5. There are no data to support routinely culturing human milk for bacterial or other organisms.151
WHO/UNICEF Ten Steps to Successful Breastfeeding
1. Have a written breastfeeding policy that is routinely communicated to all health care staff.
2. Train all health care staff in the skills necessary to implement this policy.
3. Inform all pregnant women about the benefits and management of breastfeeding.
4. Help mothers initiate breastfeeding within the first hour of birth.
5. Show mothers how to breastfeed and how to maintain lactation even if they are separated from their infants.
6. Give newborn infants no food or drink other than breast milk, unless medically indicated.
7. Practice rooming-in (allow mothers and infants to remain together) 24 h a day.
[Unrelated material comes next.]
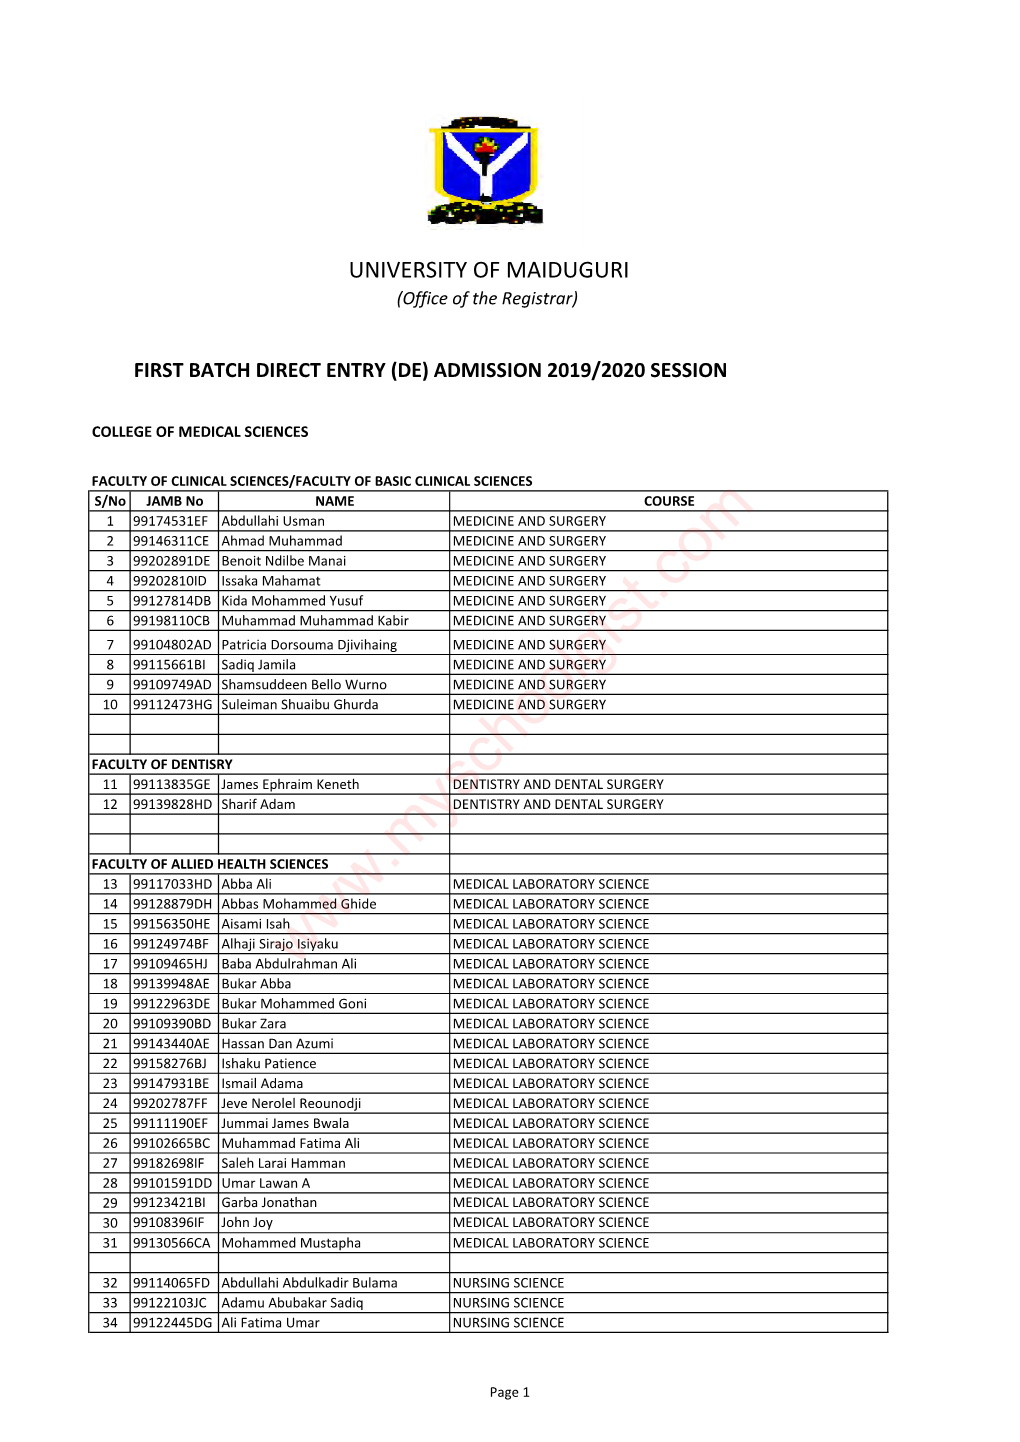 UNIMAID DE 1St Batch Admission List

8. Encourage breastfeeding on demand.
9. Give no artificial nipples or pacifiers to breastfeeding infants.a
10. Foster the establishment of breastfeeding support groups and refer mothers to them on discharge from hospital.
↵a The AAP does not support a categorical ban on pacifiers because of their role in SIDS risk reduction and their analgesic benefit during painful procedures when breastfeeding cannot provide the analgesia. Pacifier use in the hospital in the neonatal period should be limited to specific medical indications such as pain reduction and calming in a drug-exposed infant, for example. Mothers of healthy term breastfed infants should be instructed to delay pacifier use until breastfeeding is well-established, usually about 3 to 4 wk after birth.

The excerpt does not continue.